Seasonally adjusted data is calculated by:

 Operating income (raw data) – estimated overall seasonal effect

The calculation for the Mar-05 quarter is 17322 – (–574.938) = 17896.938

The raw data and the seasonally adjusted data are displayed below. Note that M, J, S and D indicate quarter years ending in March, June, September and December respectively.

Curriculum achievement objectives reference
Statistical investigation: (Level 8)

A sequence is an ordered set (usually of numbers) arranged in such a way that the next element (or term) of the sequence is completely specified. E.g. 4, 7, 10, 13, … (The nth term (or general term) is given by the rule (3xn)+1 For example, the 5^th term is (3x5)+1).
A finite sequence has a first and last term e.g. 2, 4, 6 , 8, …, 20
An infinite sequence continues indefinitely, e.g. 2, 4, 6, 8, …

A sequential pattern is a pattern whose terms change in an identifiable and consistent way. Examples are 2, 5, 8, 11, 14, 17, … and 1, 3, 6, 10,15, 21, … or a, b, d, g, k, p, …
The ordinal position of a term in a sequential pattern refers to its position in the pattern, that is, which term it is in the pattern. For example, in the pattern 2, 5, 8, 11, 14, 17, … the first term, T₁ is 2; the second term T₂ is 5 etc.

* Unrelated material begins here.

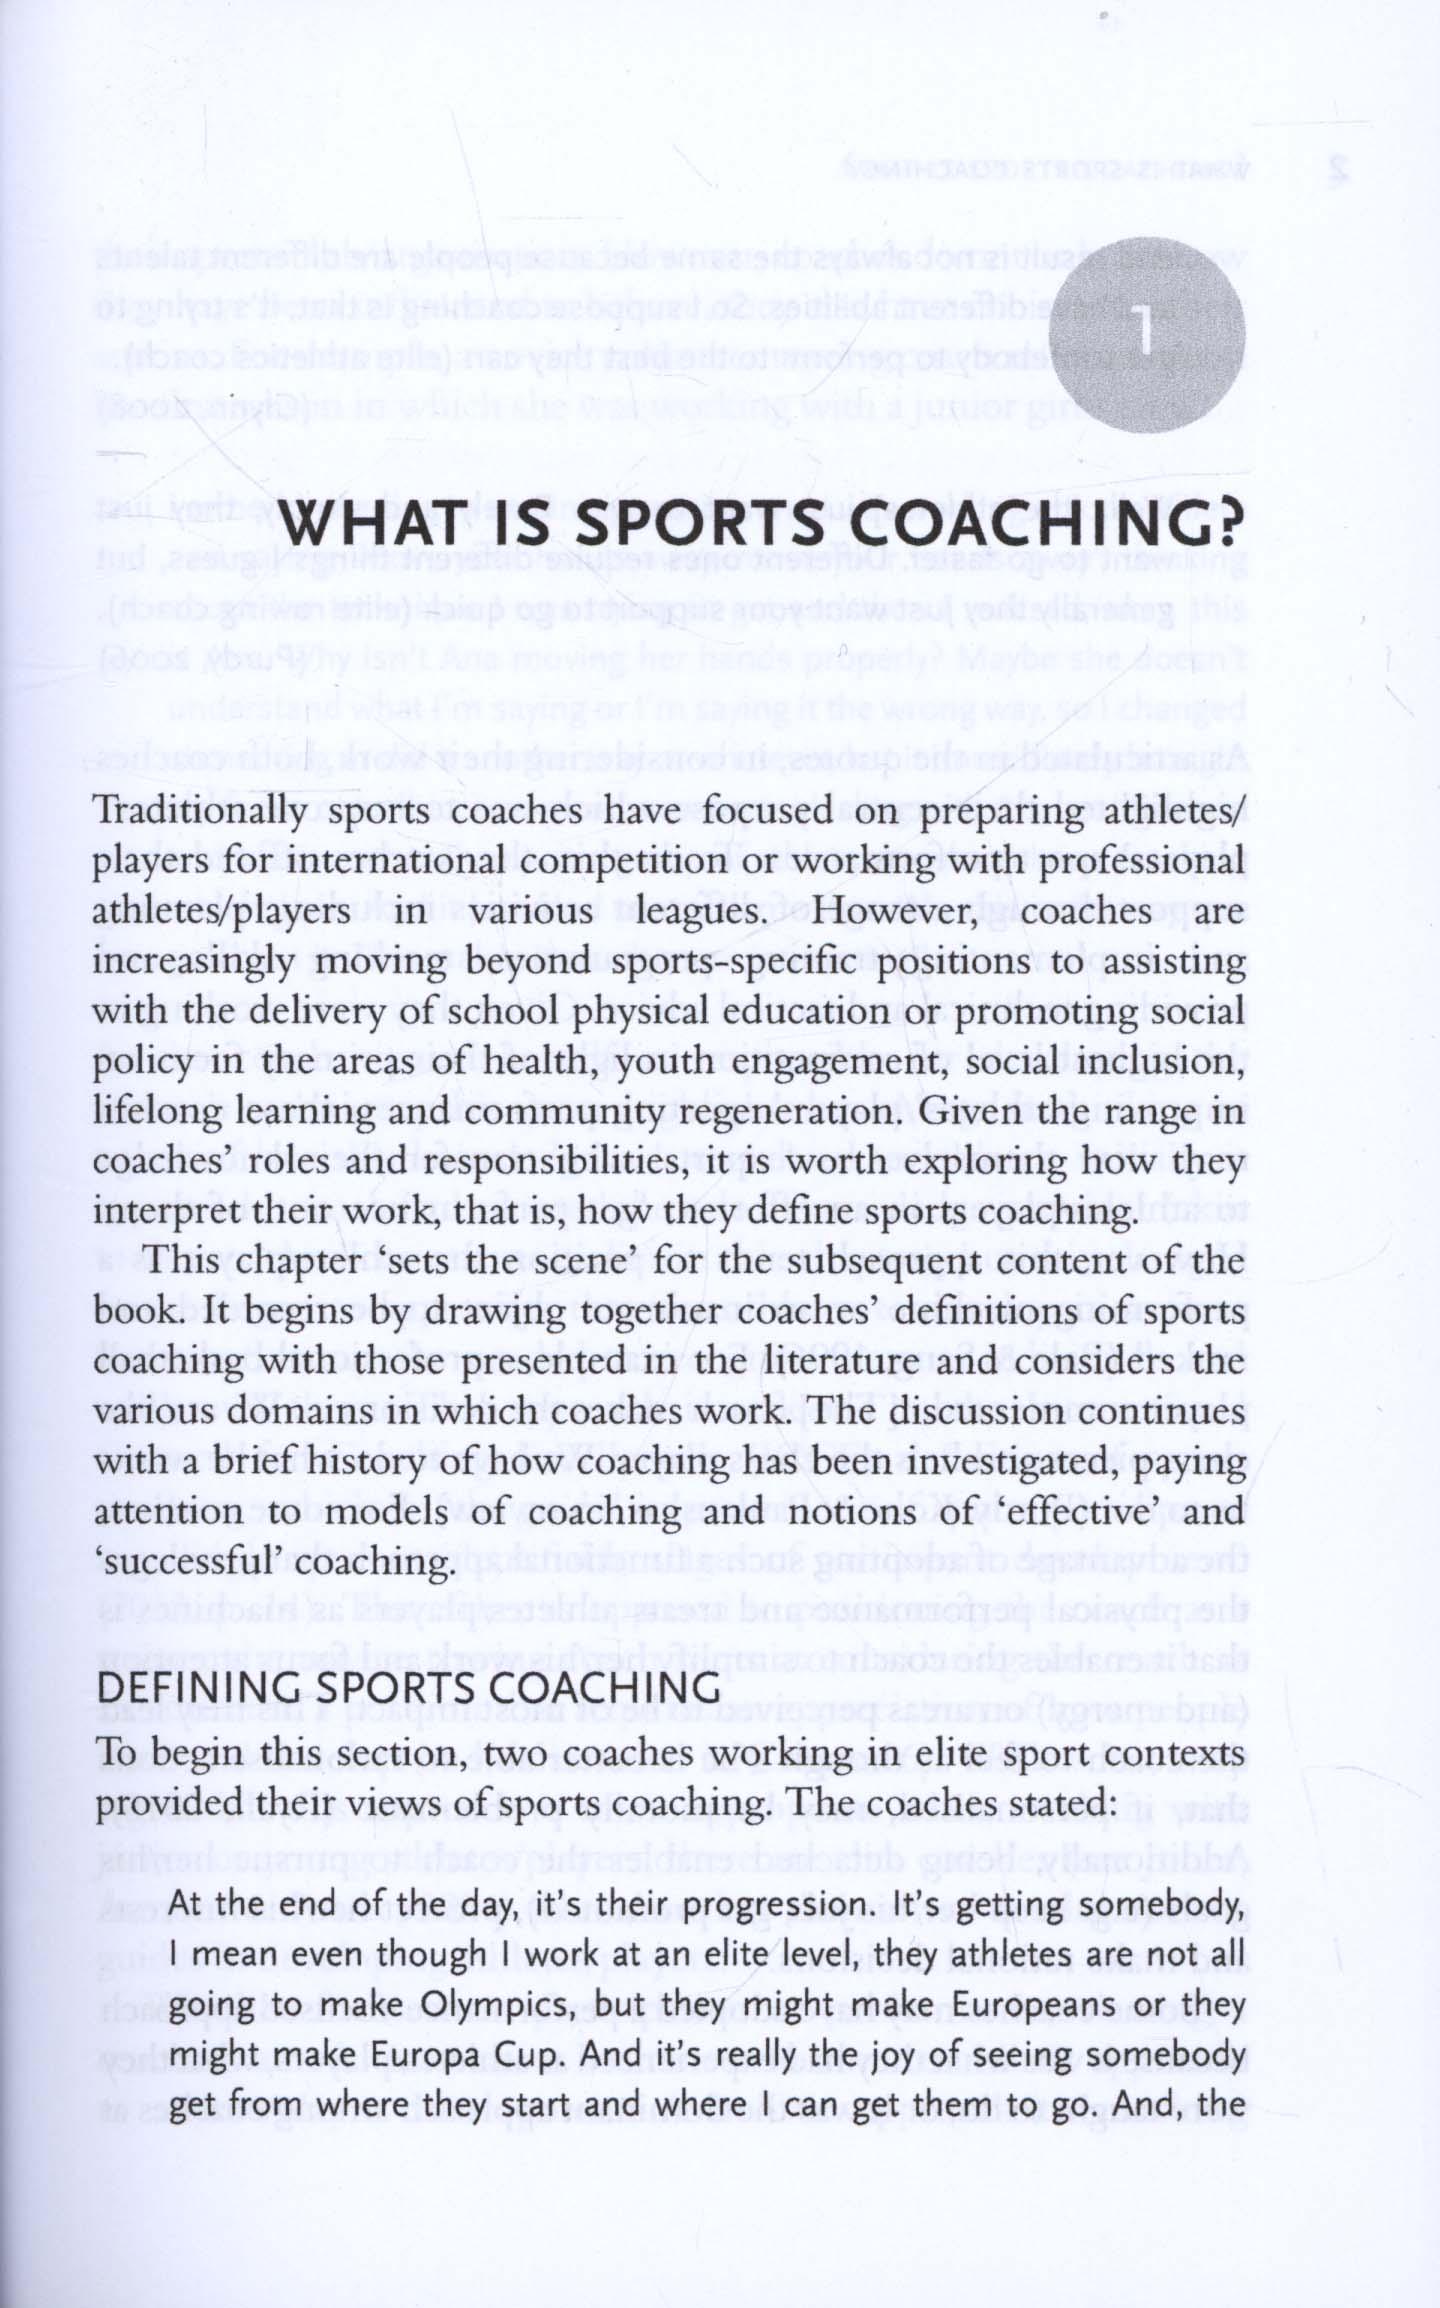 Sports Coaching: The Basics

A series is the sum of the terms of a sequence. For example, suppose we have the sequence 1/2, 1/4, 1/8, 1/16...
1/2 + 1/4 + 1/8 + 1/16 …is a series since it is the sum of the above sequence.
This is an infinite series since it continues indefinitely, but it is also a convergent series since it has a finite sum. The sum of this series is 1, which can be easily seen by observing the difference between 1 and the sum after one term, two terms, three terms etc.

A set is a collection of objects or ideas

SI stands for Systeme Internationale d’Unites (International System of Units). We usually refer to this as the metric system. It is a system of weights and measures based on powers of ten and the weight of water. (See SI measurement units)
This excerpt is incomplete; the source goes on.